As any experienced data scientist will confirm, 80% of the work of building statistical and machine learning models is pre-processing one’s data properly. That includes steps such as obtaining, cleaning, wrangling, standardising and transforming it. If you import data from Bloomberg into an Excel spreadsheet you will likely have come across blanks and “N/A” in certain cells. Alternatively, connecting to an API with Python for data downloads often yields a few (or many) NaNs. This means “not a number”, which is a numeric data type that represents values that are not available or undefined.
Algorithms generally require numeric values — so we have to do something with our N/As, NaNs and blank cells.
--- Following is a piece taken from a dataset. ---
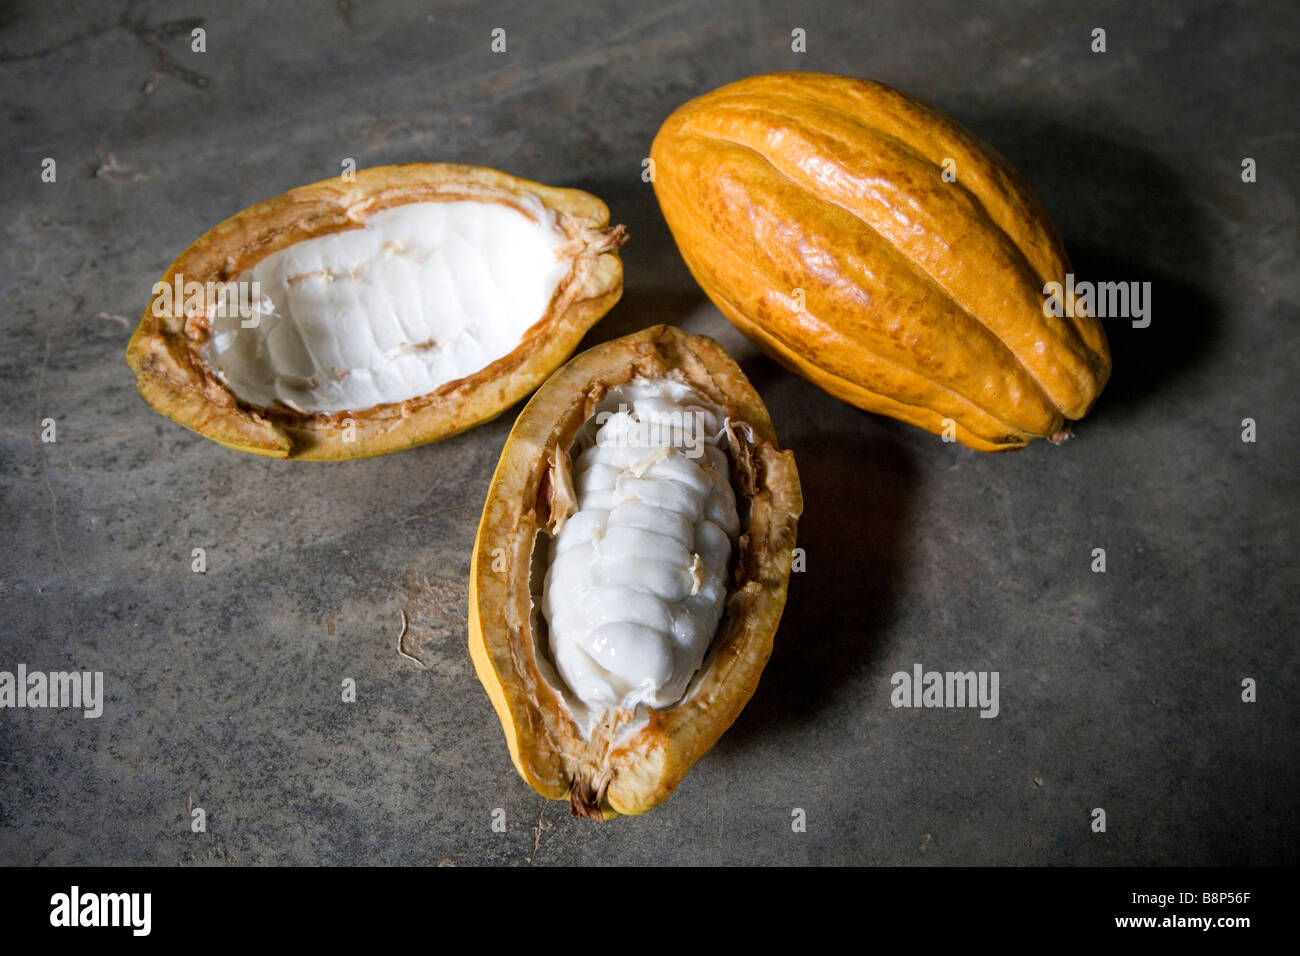 Cocoa production, Domican Republic Stock Photo

Some software packages make the decision for you — and you may not be aware of this — and ignore the entire column or (more often) row containing a missing value. By contrast, a good data science package or programming language worth its salt should make these choices obvious or give you an error so you know exactly what the problem is.
Stuck between pure theory and glib treatment — a practical middle ground
Handling missing data may seem an obscure topic, but there is a vast array of academic research on it. Many a paper and book have been written, often not with practitioners in mind. At the other end of the spectrum are data science and machine learning tutorials that often treat the issue in a handwavy way. Just showing one line of code, e.g. of a Pandas method like .fillna() to substitute NaNs with some value or .dropna() to discard entire rows or columns containing NaNs, does not do the topic and the trade-offs to consider justice.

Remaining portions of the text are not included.